The literature provides the impression that CT scanning is not used by most surgeons as part of a standardized diagnostic follow-up protocol for patients treated for odontoid fracture. We identified Fountas et al. [11] who reported a 87% union rate following AOSF in 31 patients. CT scans were reported to be performed at the 6-months follow-up. Using flexion-extension radiographs, only 68% of patients were judged to have a radiographically proven union after follow-up at 12–18 months, respectively. Similarly, Strohm et al. [35] reported a close follow-up of odontoid type II and III fractures treated with AOSF and halo fixation or single usage of the halo. The authors used CT scans at 4, 8, and 12 weeks follow-up. Radiological evidence of complete osseus bridging was only seen in 12% at 12 weeks after trauma. The authors concluded that conventional radiography is not the most suitable technical means to evaluate osseus healing in OF.
Using dynamic radiographs, motion of the distal odontoid fragment can be measured comparing changes of the odontoid-tilt-angle (OTA) between flexion and extensions films. The OTA is frequently used for determination of dynamic instability in odontoid non-unions. We are not aware of any study reporting the interobserver reliability of assessing odontoid fragment motion on flexion-extension films as an indicator for fusion. Additionally, after AOSF motion is frequently lacking and failure of osteosynthesis is often only heralded by screw loosening.

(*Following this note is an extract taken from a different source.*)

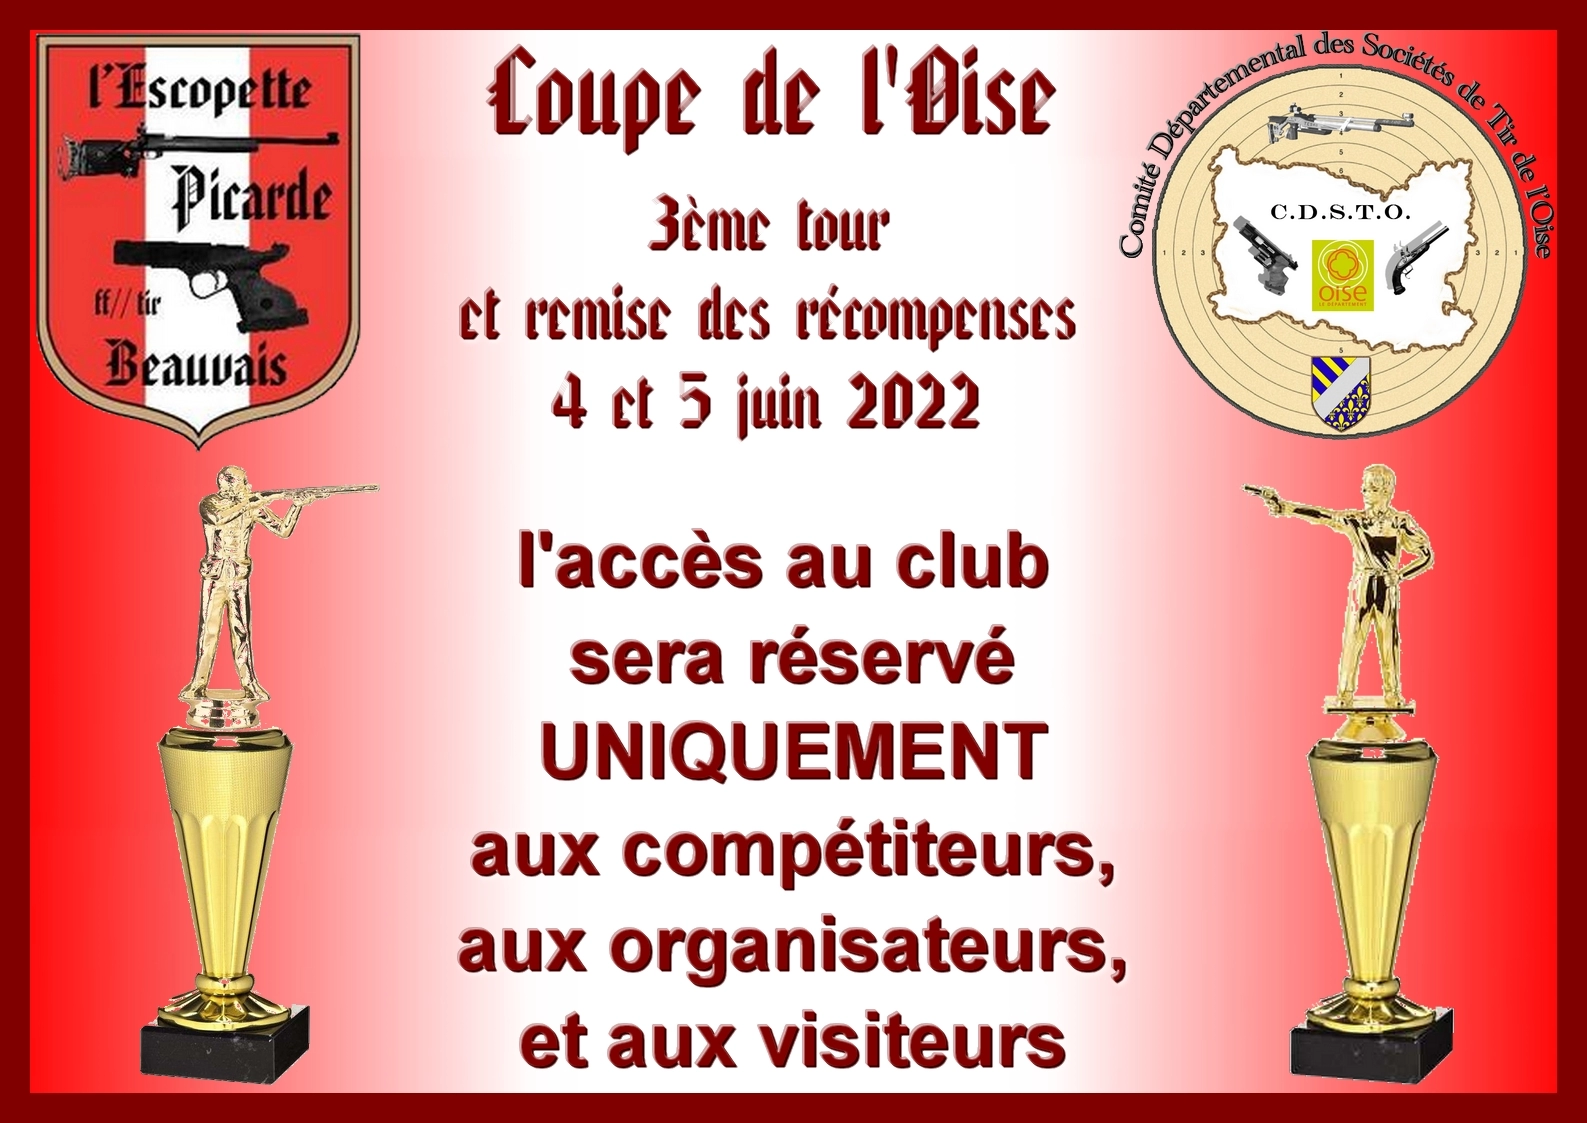 fermeture du club pour la Coupe de l'Oise 2022

The author found the high union rates reported in literature difficult to reproduce assuming that non-union rates after treatment with the semi-rigid collar, the halo, or surgery using AOSF are higher than previously reported because most data gathered are derived from biplanar radiographic films in neutral position or in flexion and extension. Gross non-union or a highly mobile non-union would probably be detected by most observers. However, atlantoaxial degenerative changes, slight atlantoaxial rotation, implants in the odontoid or lateral masses, as well as a malaligned X-ray beam challenge the determination of a fusion process at the anatomic level of odontoid type II and III fractures. In contrast, CT scans are deemed to be the standard of reference for the assessment of spinal fusion [8, 35].
Until the advent of the validated standard, clinical outcomes which may include fusion rate, accurate and reliable assessment of fusion status is critical when comparing treatment options.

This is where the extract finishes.